To explore an optimal condition of rhKGF administration, the effect of low and high doses of rhKGF on alveolar cell proliferation was investigated by PCNA LI. As shown in Fig. 3A, PCNA positive cells were found in the remnant lung after trilobectomy without rhKGF administration, where the PCNA LI was 14.9±6.47% for alveolar epithelial cells. On the other hand, single intratracheal administration of rhKGF after trilobectomy markedly increased PCNA positive alveolar epithelial cells, as shown in Fig. 3B and 3C. Very interestingly, the size of alveolar cells was markedly enlarged at the same time. To analyze quantitatively, PCNA LI was measured at 48 hr after single administration of PBS alone or rhKGF (Fig. 4). In PBS group, PCNA LI was not significantly changed, compared to the sham control (without injection 14.9±6.4%, PBS 21.1±5.9%, p=0.27). In rhKGF injected groups, PCNA LI was significantly increased dose-dependently; the LI in 4 mg/kg KGF group was significantly higher than that of 0.4 mg/kg KGF group (61.9±6.31% vs. 46.3±6.8% respectively, p=0.017).

Fig. 3

Immunostaining for PCNA in the remnant lung administrated with rhKGF in various experimental conditions. The remnant lungs treated with PBS (A), 0.4 mg/kg KGF with a single injection (B), 4 mg/kg KGF with a single injection (C), and 4 mg/kg KGF with consecutive 3 days injection (D) were analyzed for the expression of PCNA immunohistochemically. Magnification; ×200 (Bar=100 µm).

Fig. 4

Effect of single injection with different doses of rhKGF on alveolar cell proliferation after trilobectomy. Dose-dependent changes in PCNA LI were analyzed in the remnant lung with a single intratracheal injection of PBS or rhKGF. There was a significant difference between 0.4 mg/kg KGF and 4 mg/kg KGF (46.3±6.8% vs. 61.9±6.31% respectively, p=0.017). *P<0.05.
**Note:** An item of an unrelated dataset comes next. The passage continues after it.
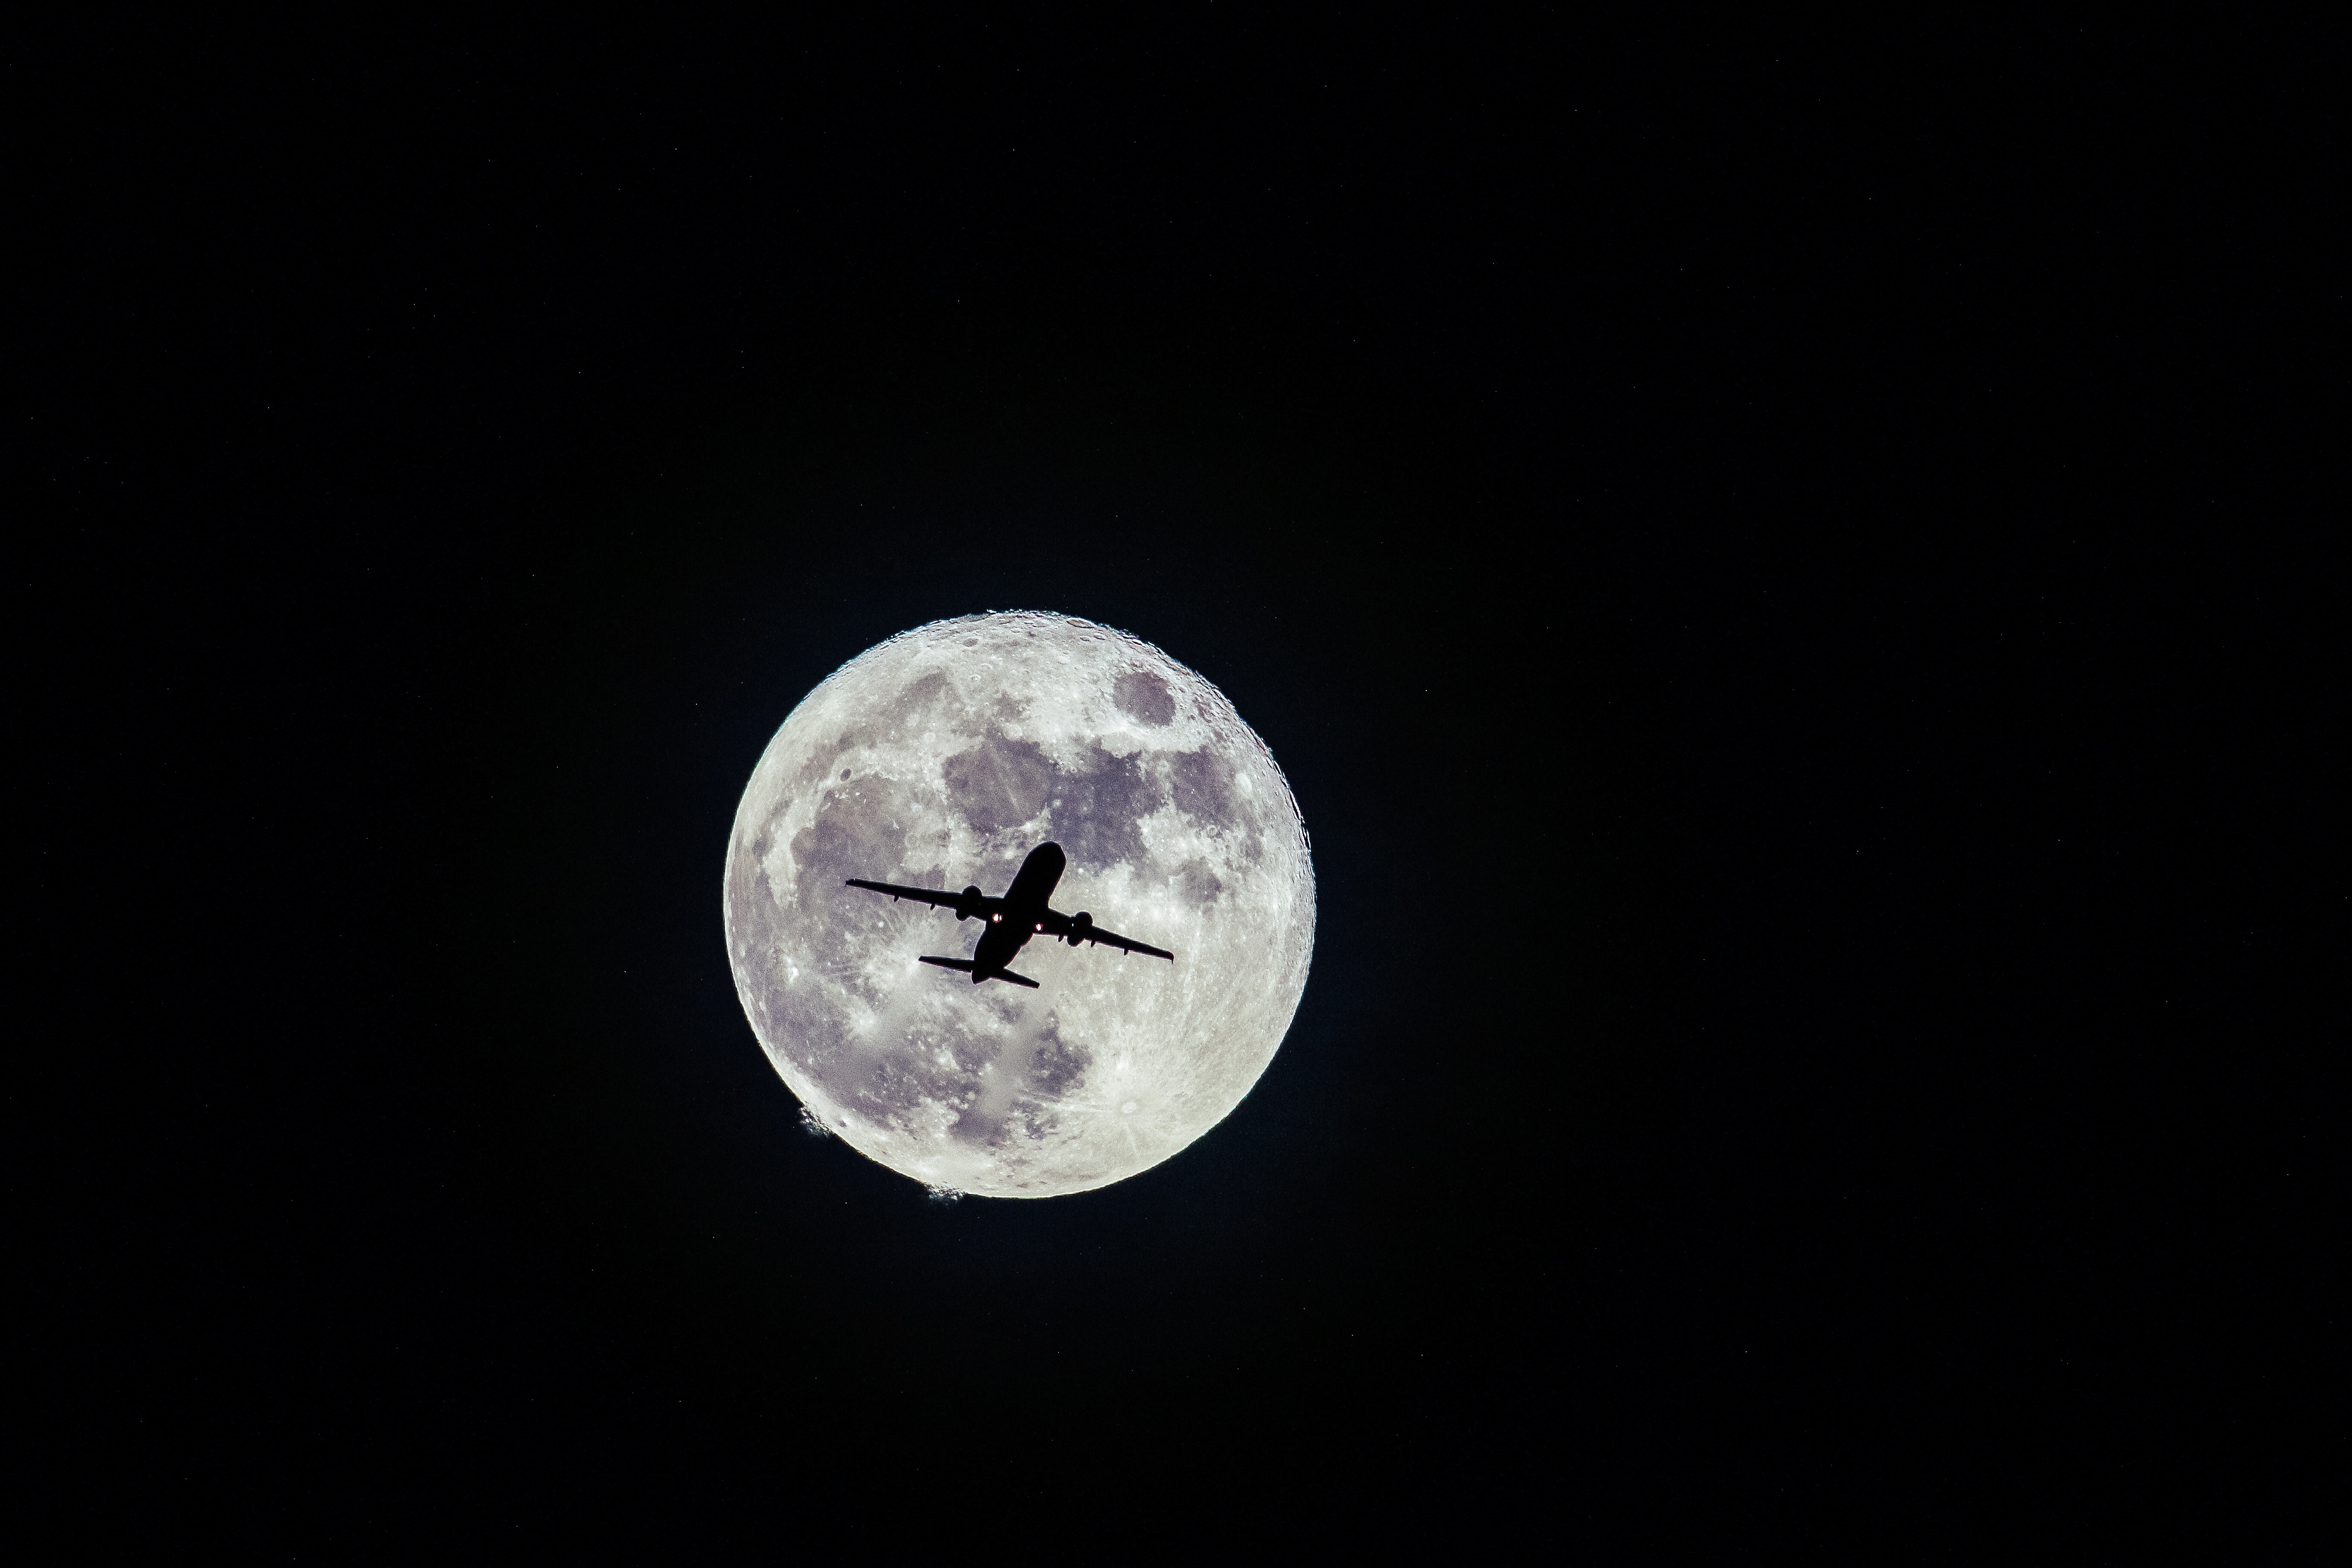 Скачать обои бесплатно Самолет, Полет, Луна, Чб картинка на рабочий стол ПК
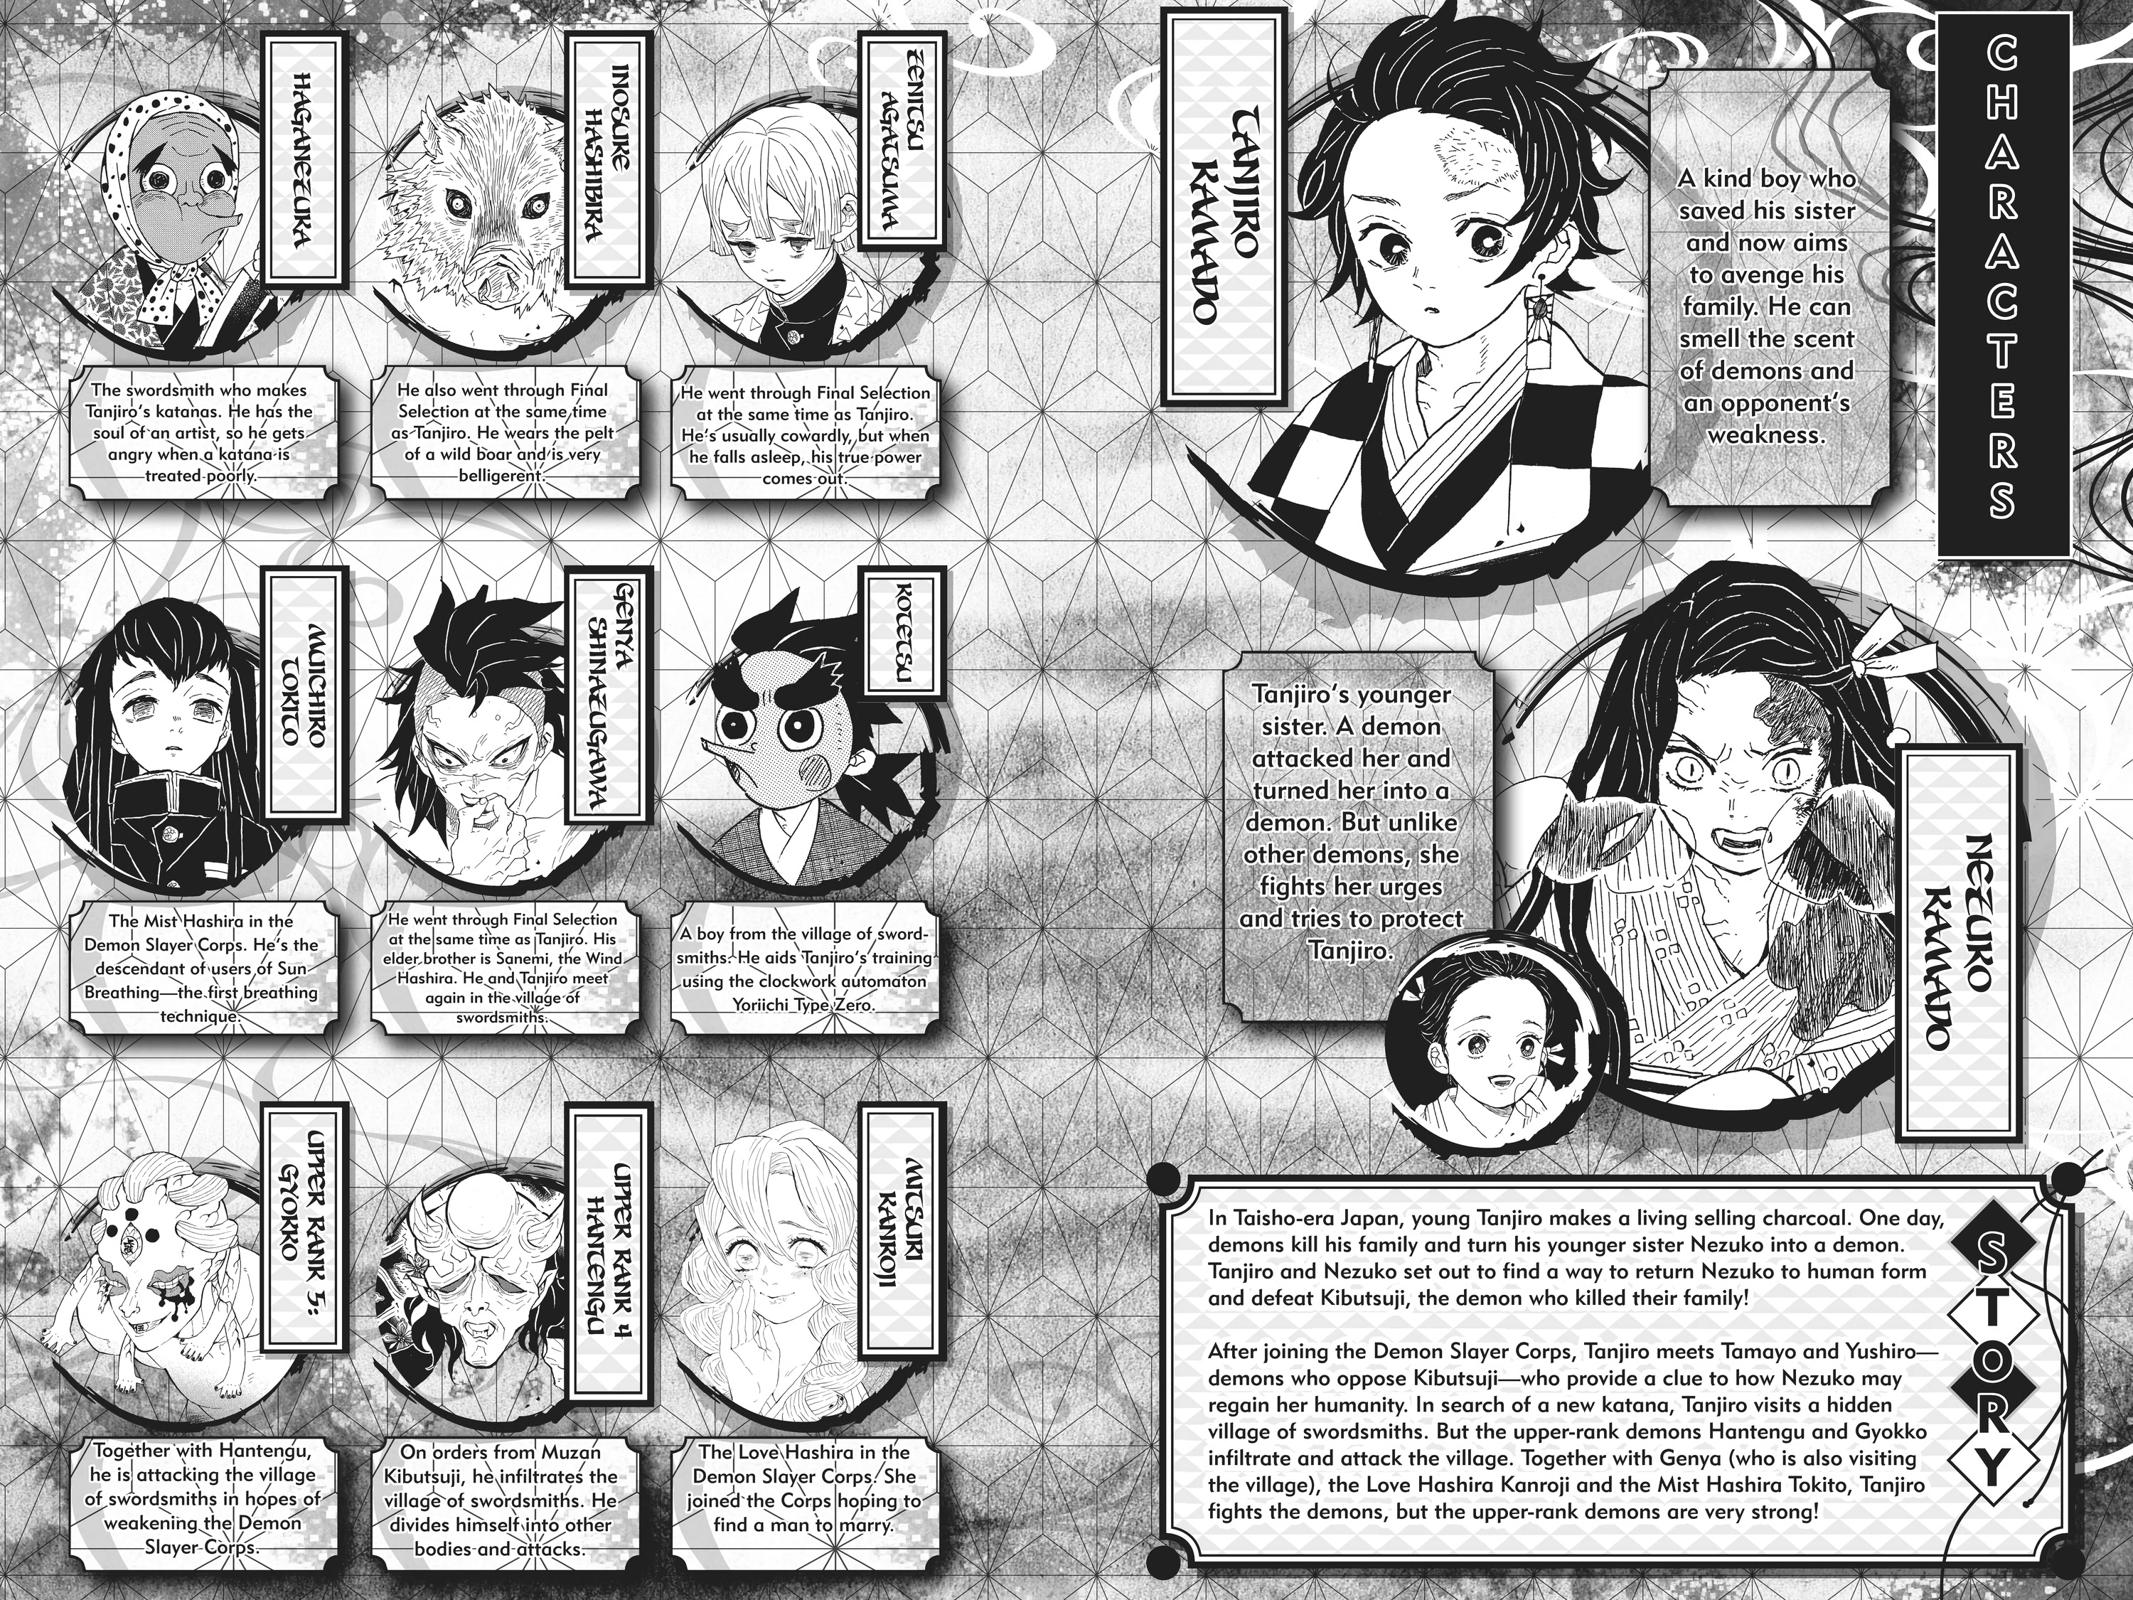 Demon Slayer Manga Manga Chapter - 116 - image 4

Effect of consecutive daily administrations with rhKGF on alveolar cell proliferation

Finally, we examined the effectiveness of daily administrations with rhKGF on alveolar epithelial cell proliferation with different timings and doses, as described in Table 1. Histological examination revealed that the daily application of rhKGF enhanced thickening of alveolus and pleural region more effectively (Fig. 3D). Surprisingly, there was no significant difference in PCNA LI between low and high doses of rhKGF at any time-tables, as shown in Fig. 5. Furthermore, the maximal level of PCNA LI seemed to be about 60% in any administration protocols used here. Therefore, 2–3 days consecutive administrations with the low dose of rhKGF were enough to attain the maximum value of PCNA LI even at 72 hr after operation.

Fig. 5

Effect of daily injections with different doses of rhKGF on alveolar cell proliferation after trilobectomy. Dose-dependent changes in PCNA LI were analyzed in the remnant lung with daily intratracheal injection of PBS or rhKGF. There was a significant change between day 1 and day 2 in the groups of 0.4 mg/kg KGF and 4 mg/kg KGF (0.4 mg/kg; 33.2±5.6, 55.6±9.38% respectively, p=0.003, 4 mg/kg; 24.2±3.77, 56.3±6.6%, respectively, p=0.002). PCNA LI reached a plateau level with two days-injection. There was no significant difference between 0.4 mg/kg KGF and 4 mg/kg KGF at any time-points. *P<0.05.

IV.  Discussion

In the present study, we investigated a possibility of intratracheal injection of rhKGF to promote the compensatory lung growth after trilobectomy. Acceleration in alveolar cell proliferation without any effect on apoptosis indicated that rhKGF may be a novel drug to be used for intratracheal therapy for improvement of pulmonary function after lung resection. Importantly, we found that even small amount of KGF was enough to support a maximal proliferation of alveolar epithelial cells during compensatory lung growth with daily administration protocol. Furthermore, the increase in SP-A expression by KGF strongly suggested that rhKGF affected alveolar type II cells effectively. Interestingly, intratracheally injected KGF seemed to exert its effect throughout a whole remnant lung since the increase in pleural cell proliferation and pleural thickness was occurred.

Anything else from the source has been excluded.